– Я ведь вижу, княже, как ты вотчину свою обустраиваешь, странные порядки здесь заводишь, о каковых в Москву давно донесли. Крамолой попахивает, недаром тебя на дыбу весной подвесили. Людишки почитай все у тебя вольные, вооружил ты их так, что стрельцов царских перестреляют быстрее, чем те пищали свои зарядят.
– Да и ты, атаман, вольницу разинскую к себе подгребаешь. И не зря – Москва рано или поздно сюда придет, и все холопами станем – я царя, а вы его бояр с приспешниками.
Галицкий посмотрел на бахмутского атамана, тот почернел лицом – видимо о такой перспективе давно подозревал, насмотревшись как разинский бунт подавляли. Так что теперь они повели себя предельно откровенно, без привычных уверток, благо прощупали друг друга изрядно за почти прошедший месяц затянувшегося по степи «Дикого поля» рейда.
После разгрома татарского отряда на Кривом Торце, Галицкий неожиданно для себя стал командующим объединенного отряда. Под его началом оказались бахмутский атаман Фролов с сотней казаков, и куренной атаман кальмиуских верховских городков Остап Колесник, у которого имелось семь десятков запорожцев.
Так что в степь ушло до четырех сотен воинов, почти половину из которых составляли конные стрельцы. Все имели в поводу заводных лошадей, неприхотливых и выносливых, что значительно увеличивало мобильность русского отряда.
И началось отмщение!
Удалось перехватить обоз с награбленным добром и многочисленными невольниками. Три татарских сотни решили сражаться за свое саблей обретенное богатство, вот только противопоставить дальнобойным фузеям ничего не смогли. Горячность вкупе с жадностью сыграла со степняками злую шутку – крымчаки понесли большие потери в атаке на стрельцов, а запорожцы и донцы отрезали им пути бегства. И начисто вырубили разбойников.

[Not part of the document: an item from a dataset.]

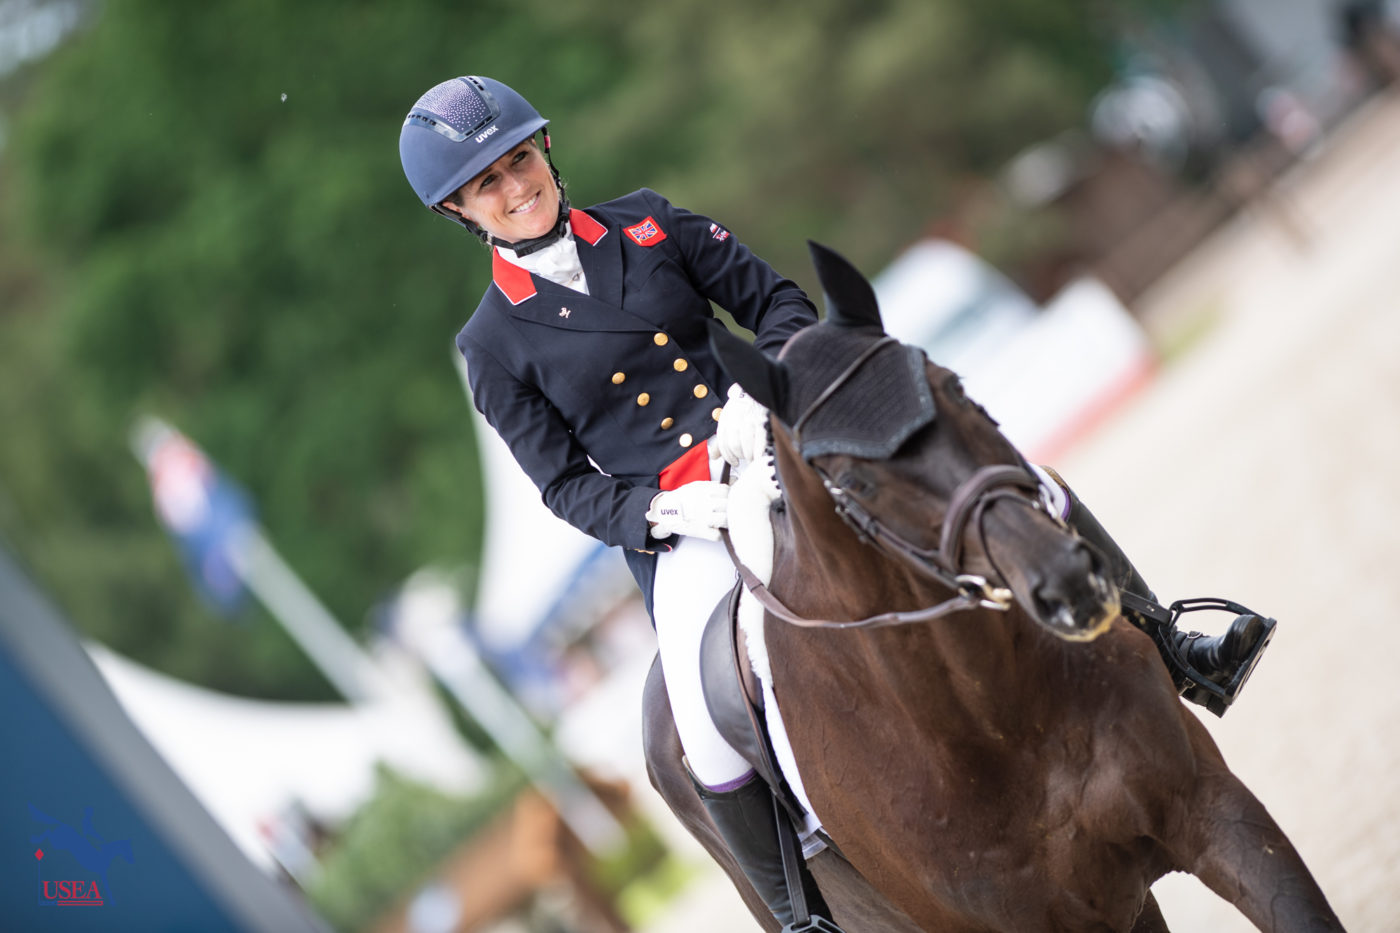 Laura Collett was all smiles after her test with Dacapo. USEA/Lindsay Berreth photo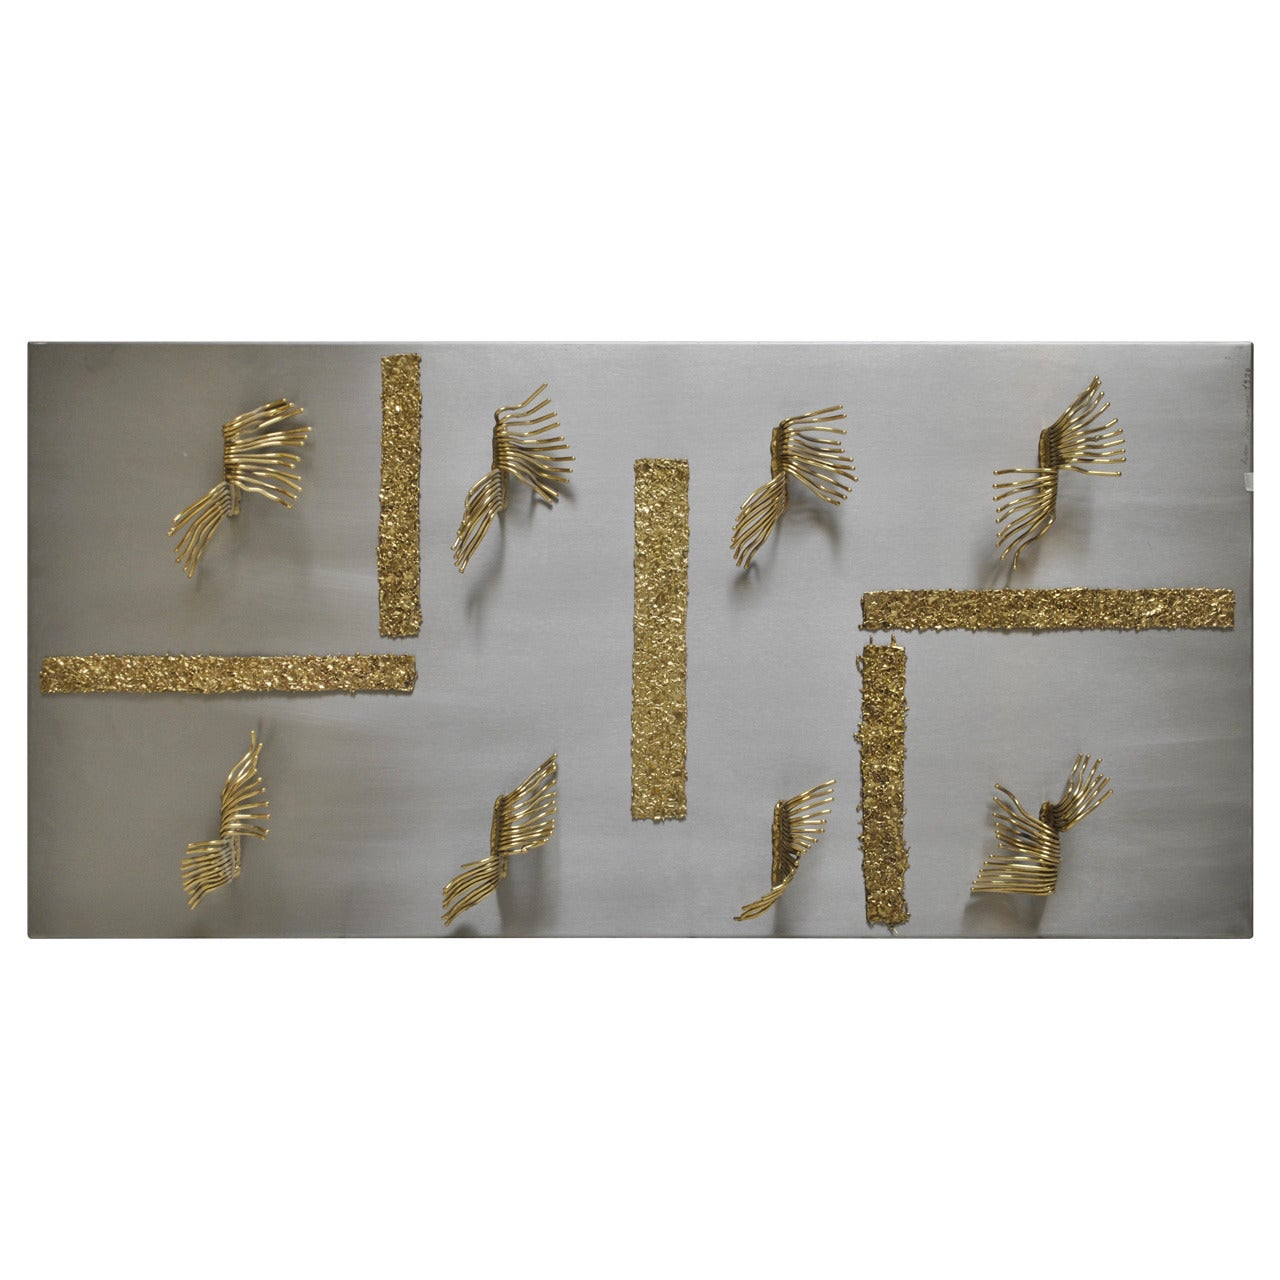 Steel and Brass Wall Sculpture "Orphée", the Henri Fernandez Private Collection For Sale

И потянулся обоз к Торцам – Юрий не сомневался, что практически все невольники выберут себе пристанище на берегах его речек, хотя часть молодых парней подастся в казаки, чтобы отомстить степным «людоловам». Но таких будет немного – иначе бы в неволю не попали.
В Слобожанщине большинство потеряли родных и близких, хозяйства разорены – возвращаться на пепелище нет никакого смысла. Ведь всю оставшуюся жизнь придется батрачить на более удачливых и богатых соседей. А, по большому счету, оно надо, когда в княжеской вотчине все бывшие невольники обретут землю и имущество, вместе с защитой, и при этом не потеряют волю?!
Затем под казацкие сабли попали три ногайских кочевья – все томящиеся там невольники обрели долгожданную волю. Степняков безжалостно вырубили подчистую, в живых оставили девок и всех детей, ростом не вышедших за размеры тележного колеса.
Жестоко?!
Да, но в такой суровости присутствовала железная прагматичность. Маленькие татарчата еще толком не понимали что вокруг них происходит, а потому попав на Дон вырастали в православном окружении, и считали себя уже казаками и по речи, и по духу, и по вере. И таких казаков никто и никогда ни в чем не попрекал – их среди донцов с избытком хватало. Полоненных девиц охотно разберут женами – блуд у донцов сурово наказывался, наложниц старались не заводить. А среди беглых от крепостной неволи подавляющее большинство составляли молодые мужчины и парни, и многим приходила пора остепениться и завести семью.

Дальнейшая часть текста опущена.